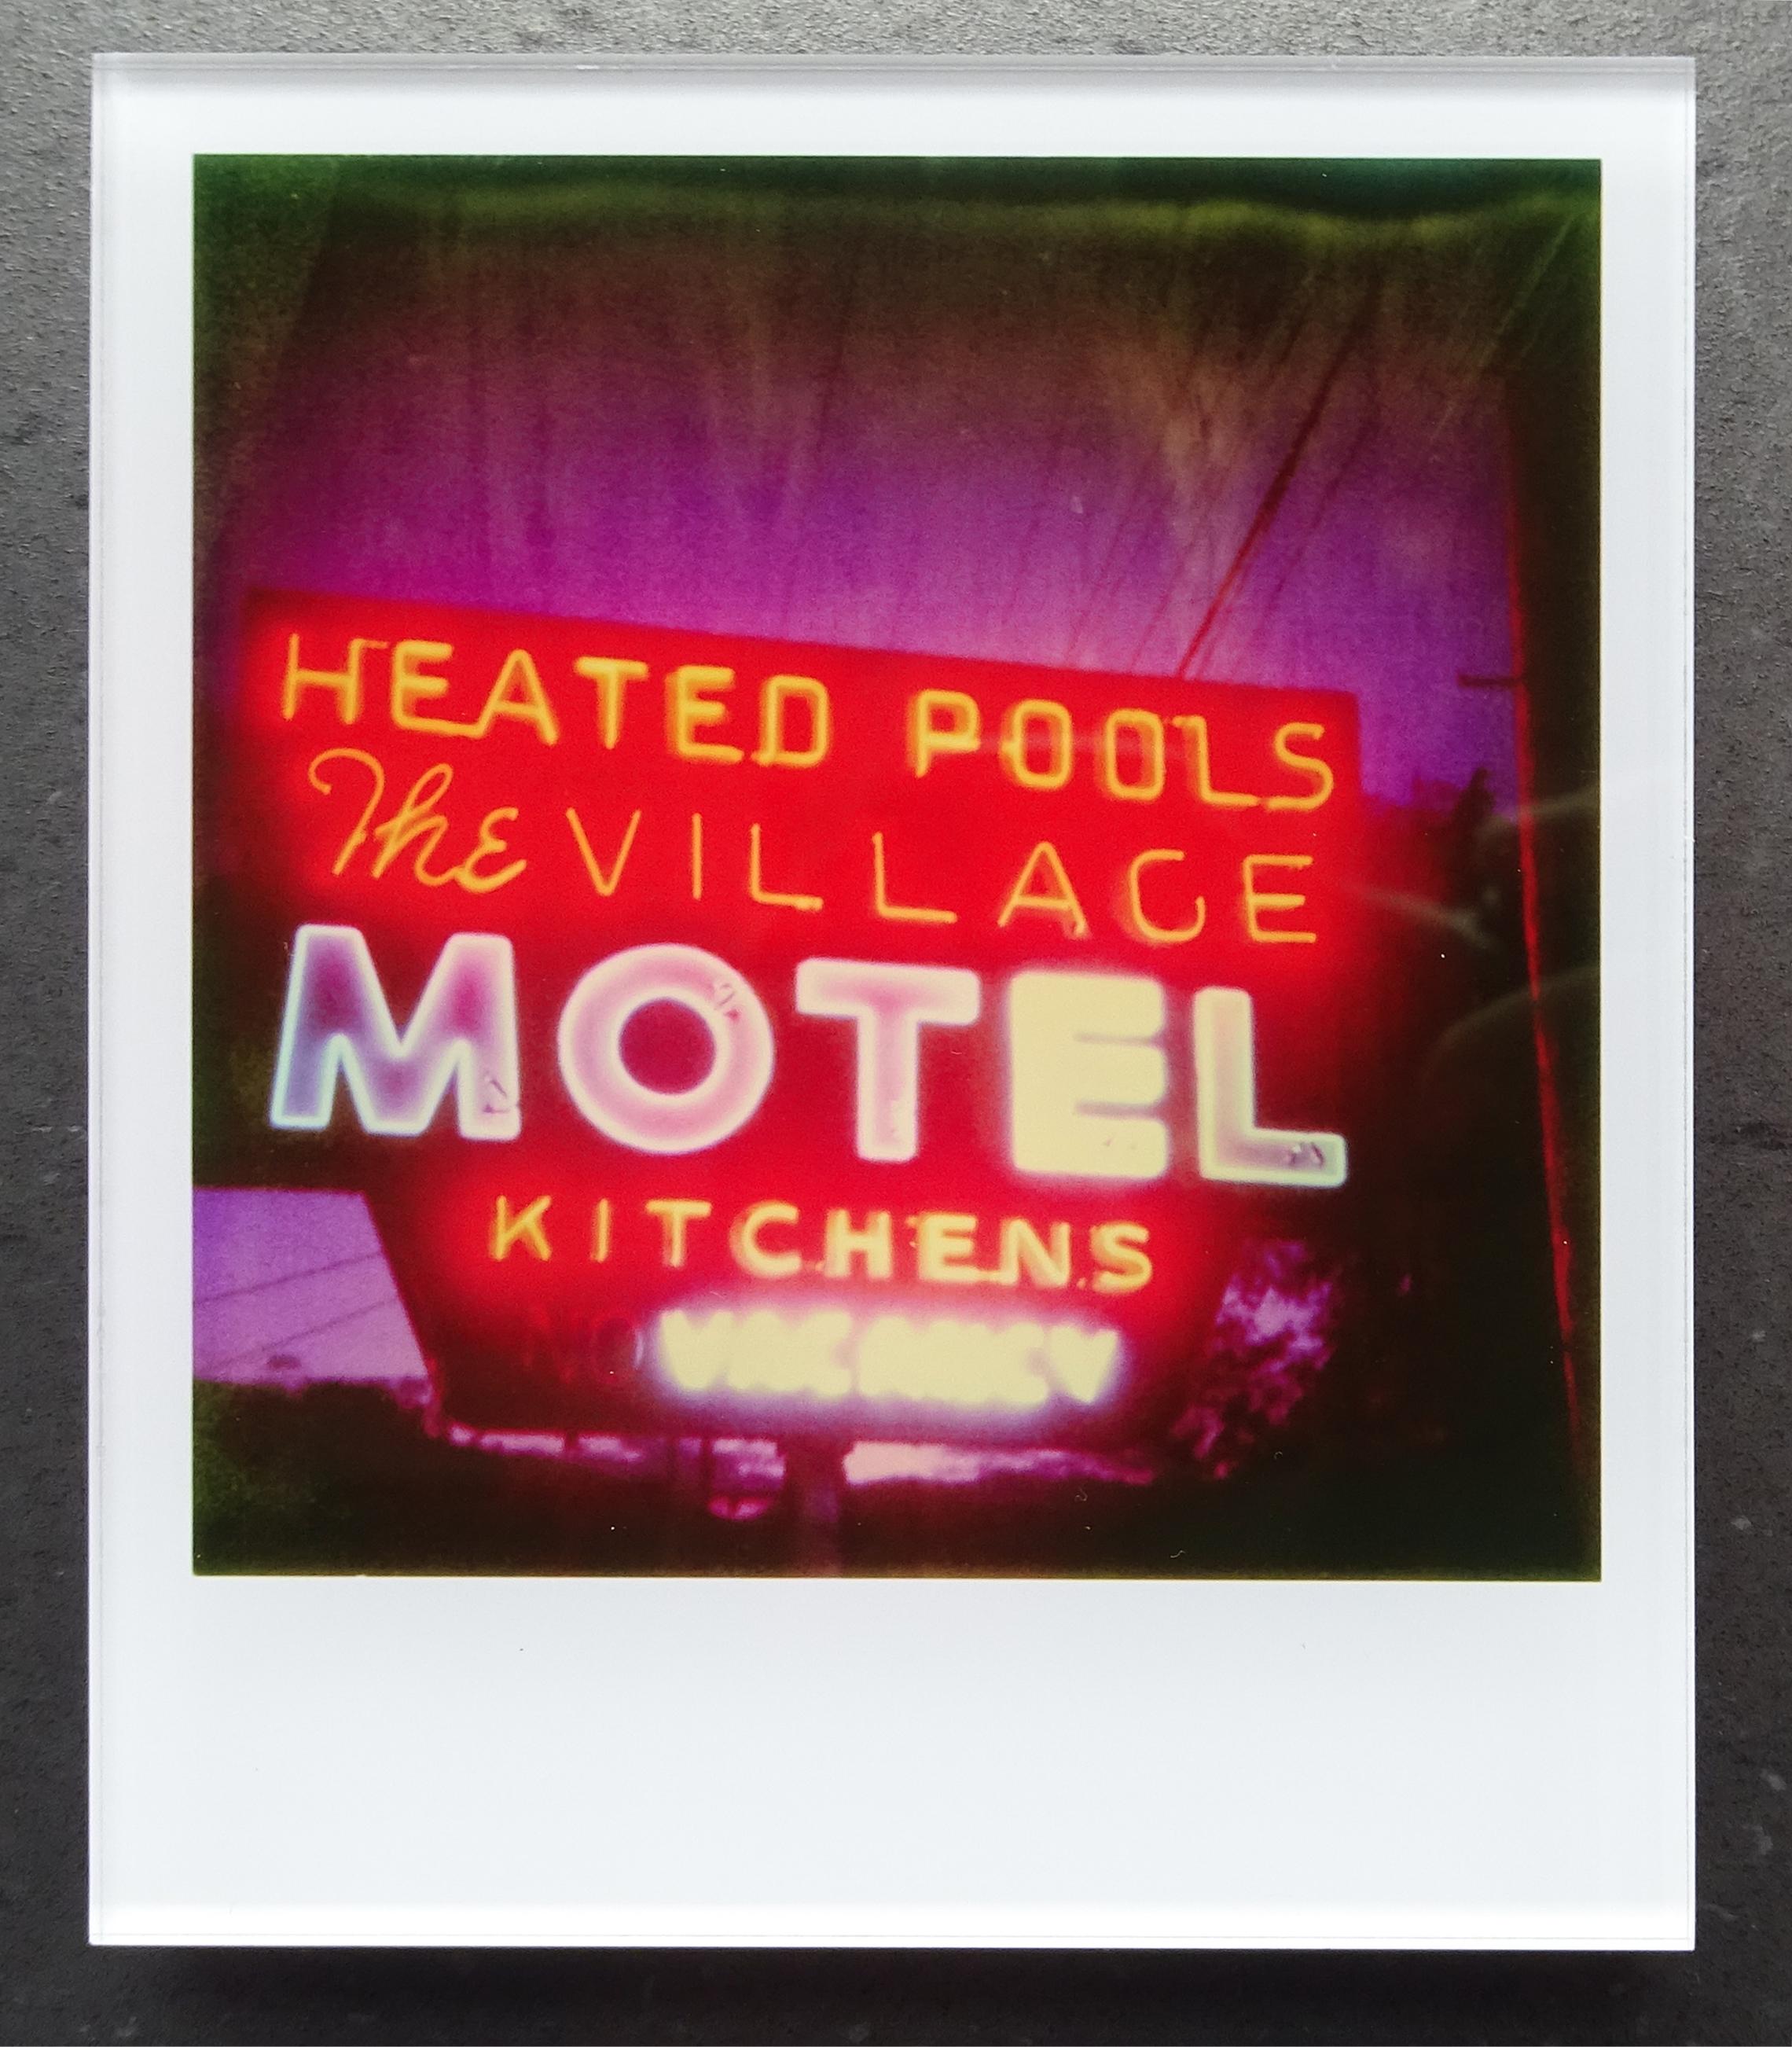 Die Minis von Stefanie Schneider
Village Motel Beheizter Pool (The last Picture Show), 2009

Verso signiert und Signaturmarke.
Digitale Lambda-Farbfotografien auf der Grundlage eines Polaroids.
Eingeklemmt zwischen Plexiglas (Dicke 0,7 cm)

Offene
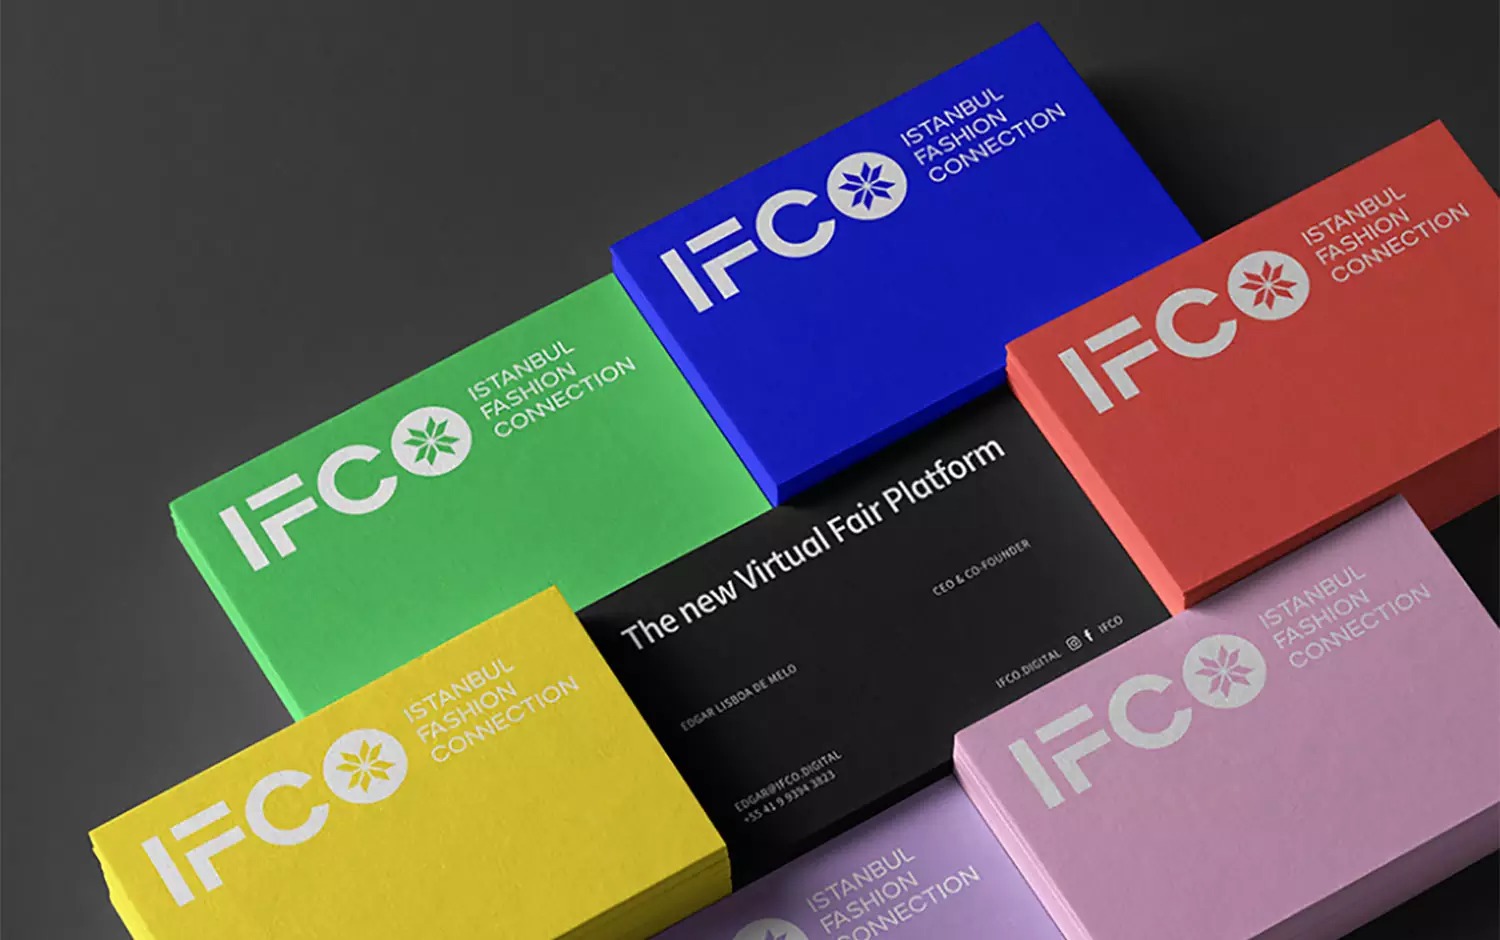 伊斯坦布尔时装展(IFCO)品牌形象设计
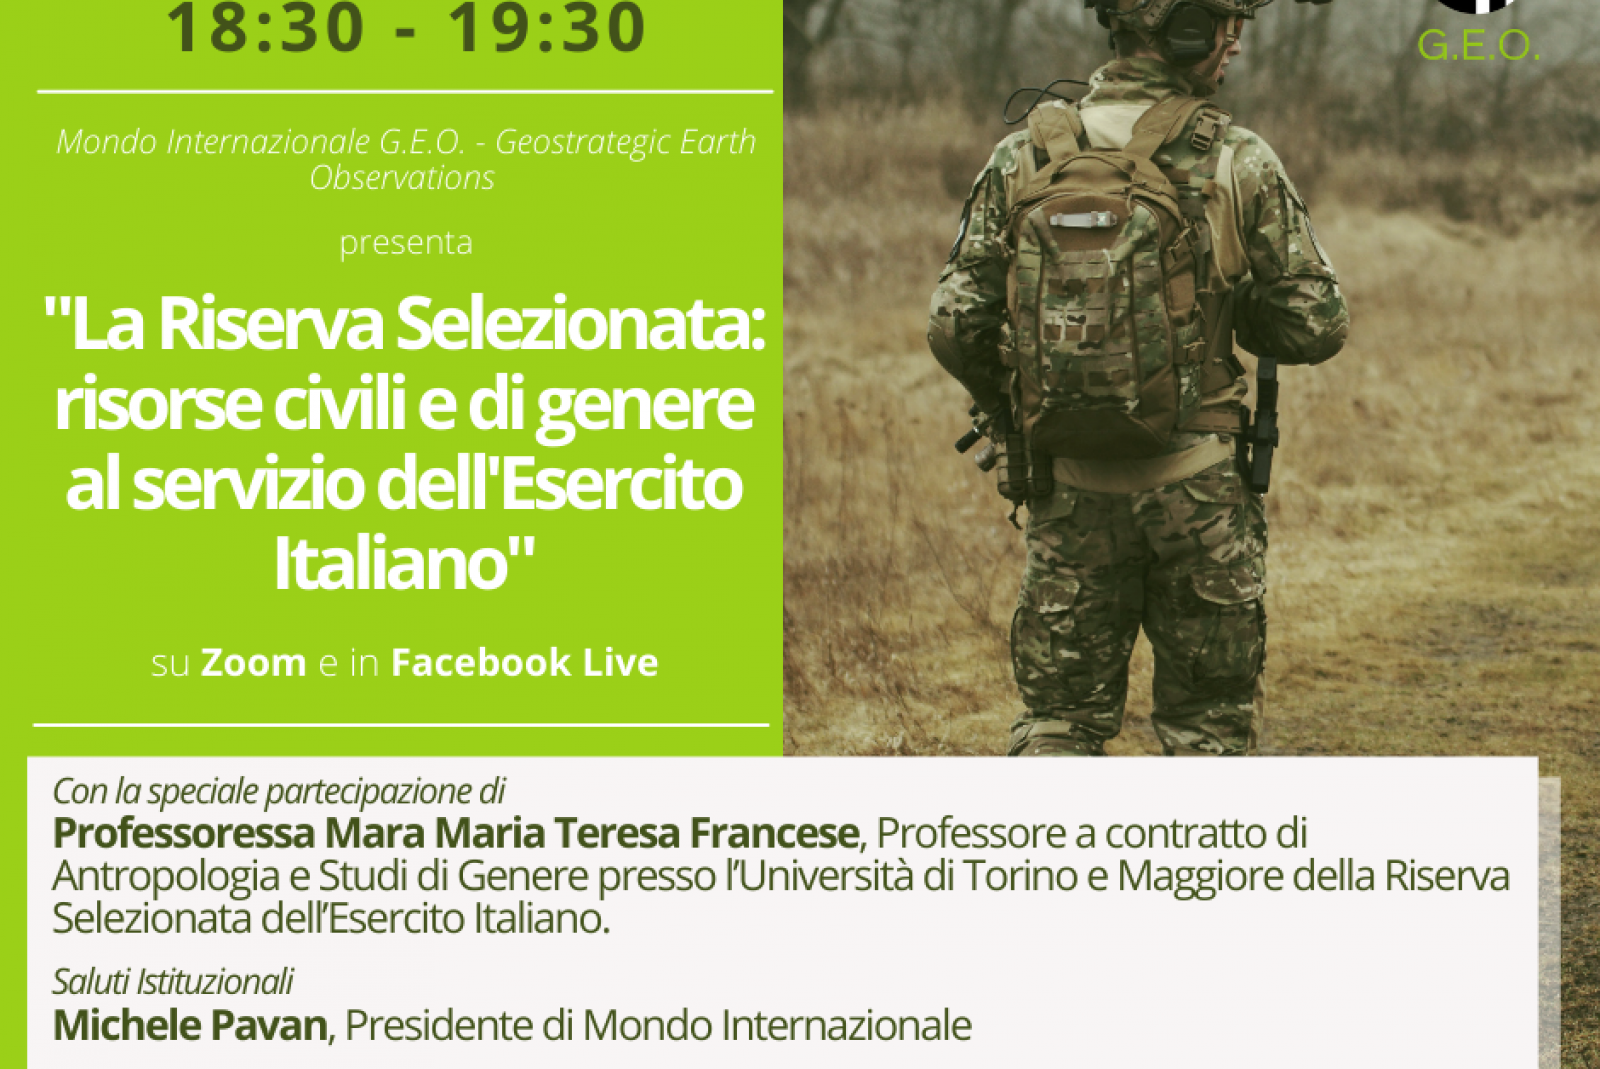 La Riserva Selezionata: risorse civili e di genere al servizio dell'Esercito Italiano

- - -

### WHAT NEEDS TO BE DONE
Word for word, write out each line from the one with "伊斯坦布尔时装展(IFCO)品牌形象设计" through the end of the entries above, and omit any pictures.

### EXERCISE OUTPUT
 伊斯坦布尔时装展(IFCO)品牌形象设计
 La Riserva Selezionata: risorse civili e di genere al servizio dell'Esercito Italiano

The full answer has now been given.